Philadelphia priests listen to victims’ stories

.- The Archdiocese of Philadelphia took another step toward reconciliation with victims of sexual abuse last week, when three people recounted the abuse they and their family experienced by clergy.

"The fallout is indescribable," said the mother of two abused sons at the Friday afternoon gathering of about 500 priests, bishops and seminarians at St. Charles Borromeo Seminary, reported the Philadelphia Inquirer.

Her sons, now adults, became suicidal and alcoholic, and were deeply compromised as husbands and fathers, she said. One son is in prison.

Victoria Cubberley, 56, recounted how, when she was a teenager, three priests exploited her chaotic family situation by forcing her to have sex after she sought their help.

"This speech is but a whisper of the horrific screams that reverberate through my being to this very day," Cubberley reportedly said.

"It's as if the priest has sucked the soul out of the person and replaced it with just a vacuum, a deadness," said the third victim, Ed Morris, 44.

This was the first such gathering in the history of the archdiocese. Cardinal Justin Rigali chose the feast day of Our Mother of Sorrows for the gathering, and urged all local priests to attend.

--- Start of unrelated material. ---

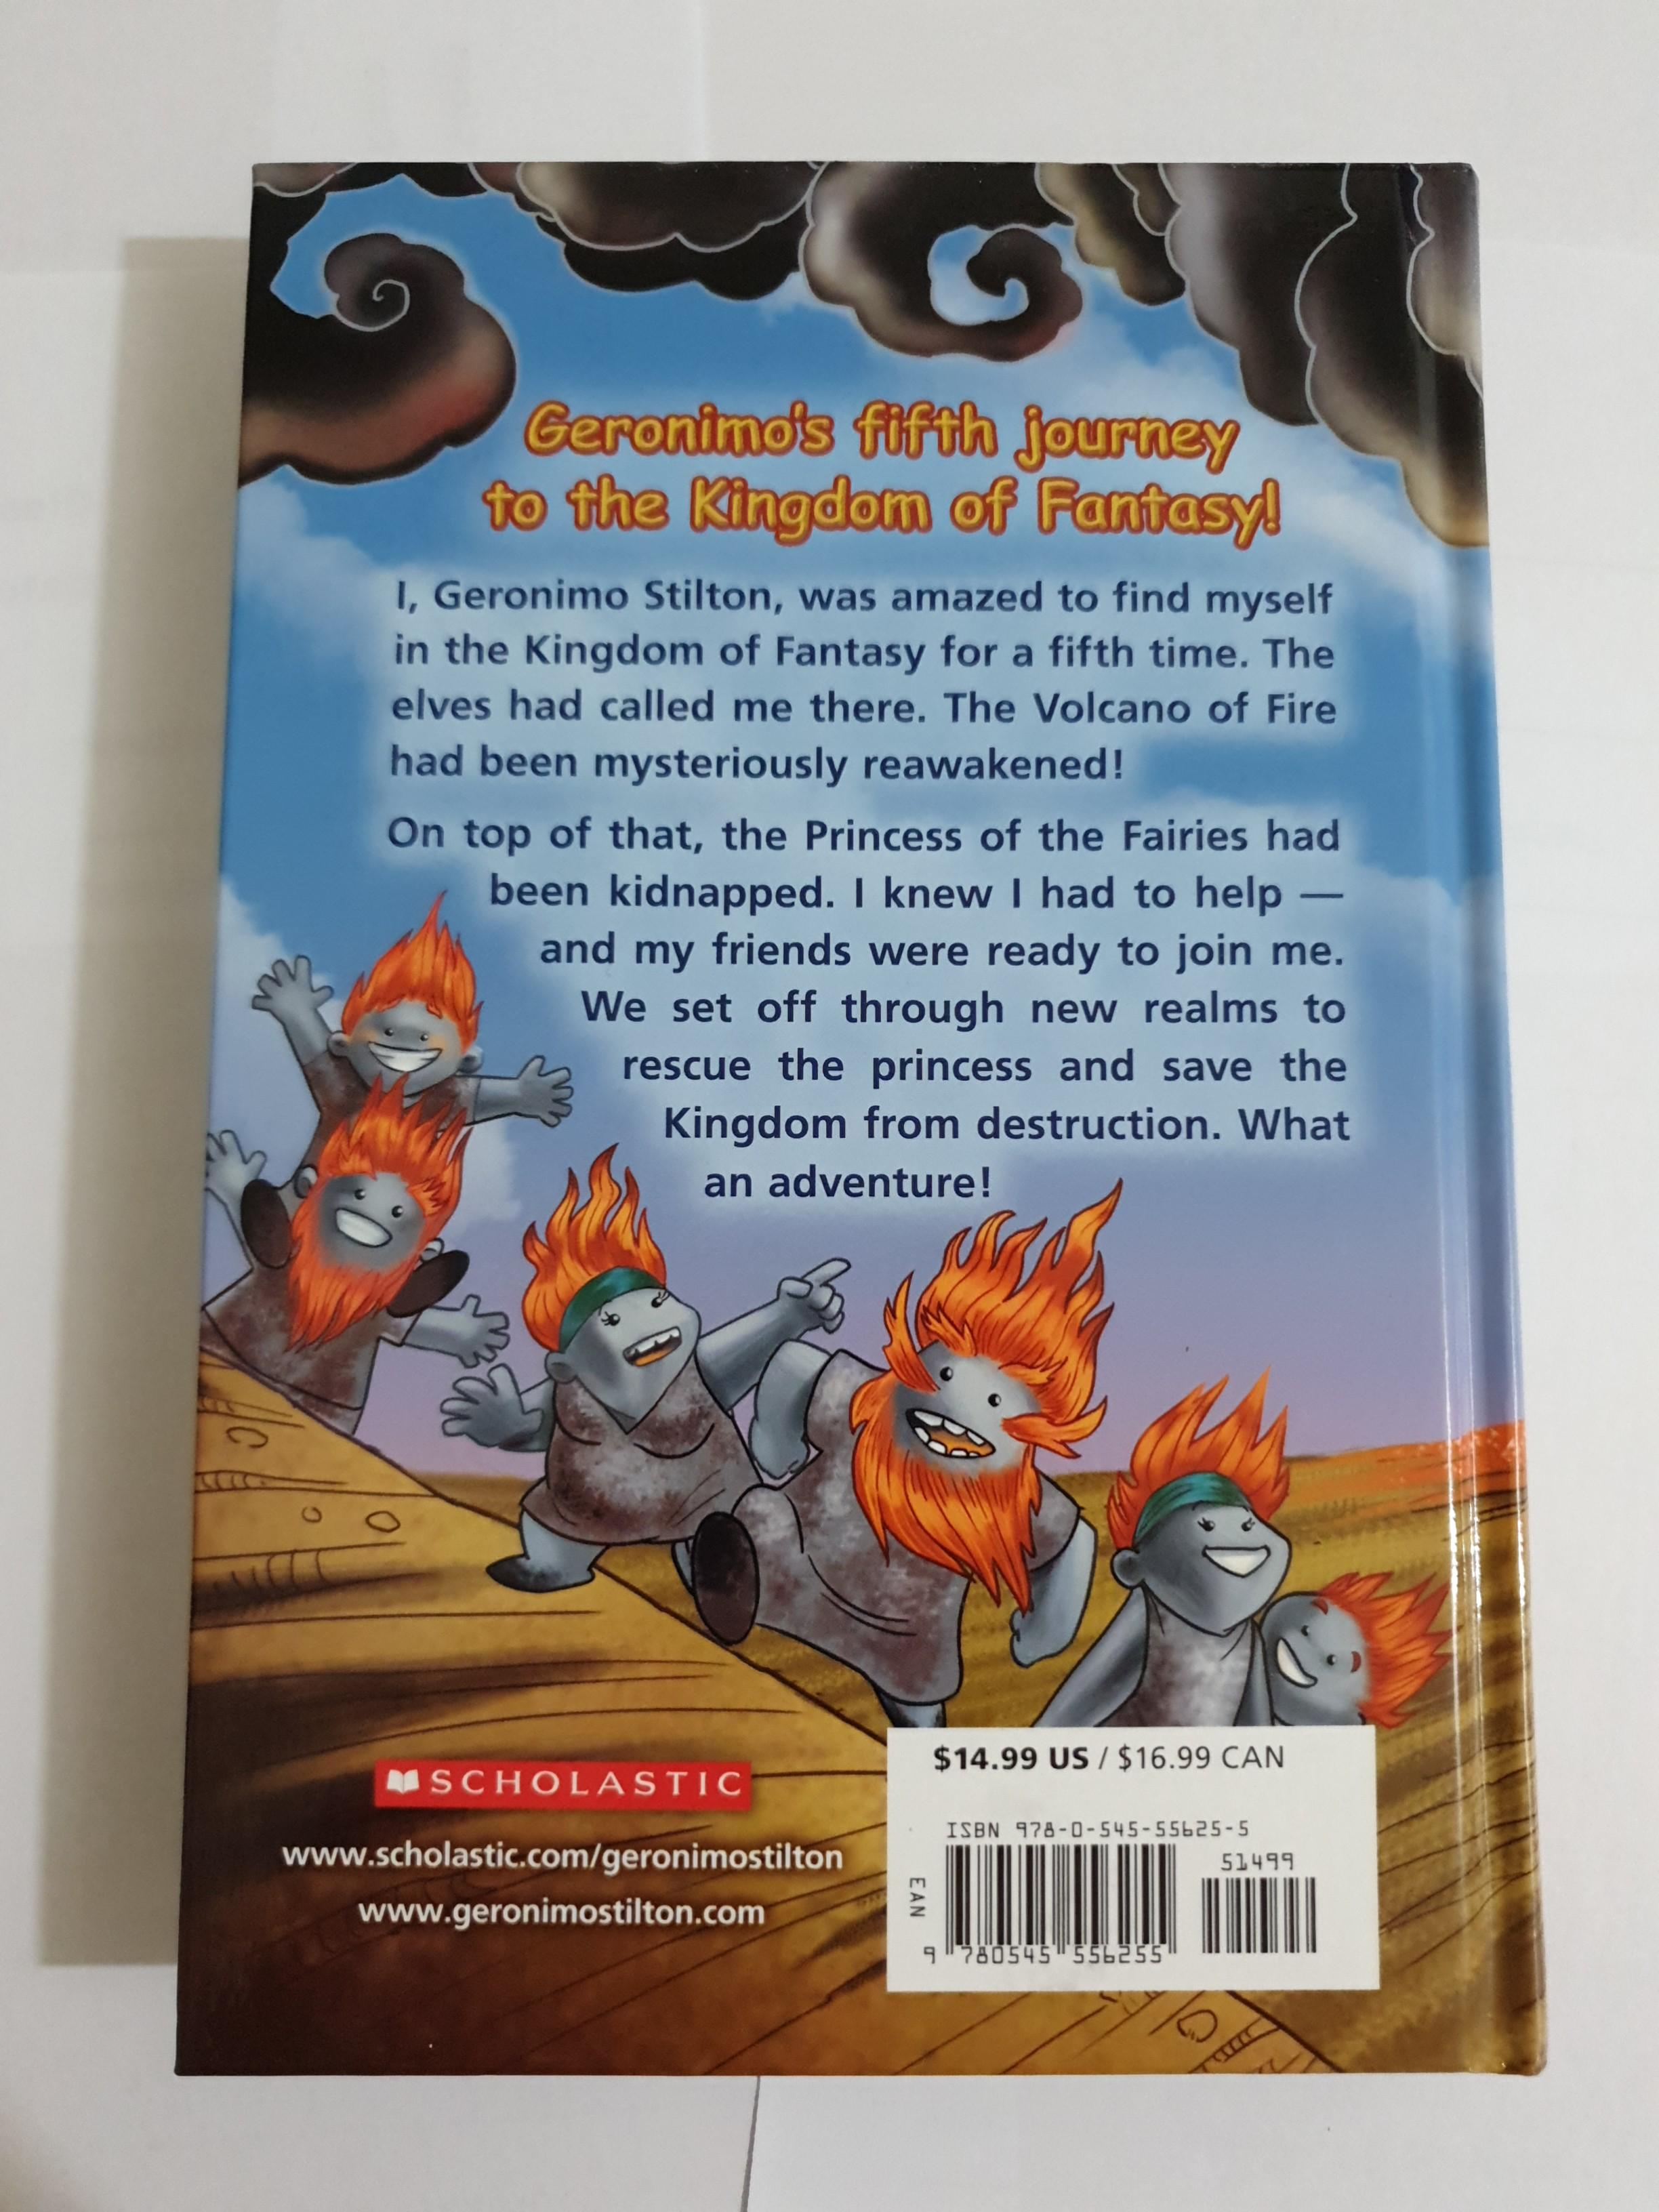 Geronimo Stilton Original (Hardcover)

Mary Achilles, the archdiocese's victims' assistance coordinator, said the gathering, called Witness to Sorrow, was timed in part to mark the first anniversary of the Philadelphia grand jury report on sex abuse in the archdiocese. A prayer service in the chapel followed the testimonies.

Fr. George Majoros of Maternity of the Blessed Virgin Mary Parish described the event as a "very profound experience" that would propel him “to be a bridge to any victim or families who have been hurt."

"We need to be compassionate, better listeners. We need to protect the most vulnerable at all times. We need to listen more to the victims like we did tonight," Fr. Majoros told the Philadelphia Inquirer. "My hope is that their tears will help show us how to make things better - that this never happens again."

Keith Chylinski, a seminarian in his last-year, said he was deeply moved by the evening. He said the seminary has addressed the issue of clergy abuse. "It's given me greater resolve for us to be holy priests. That's going to be the only solution to all of this," he reportedly said.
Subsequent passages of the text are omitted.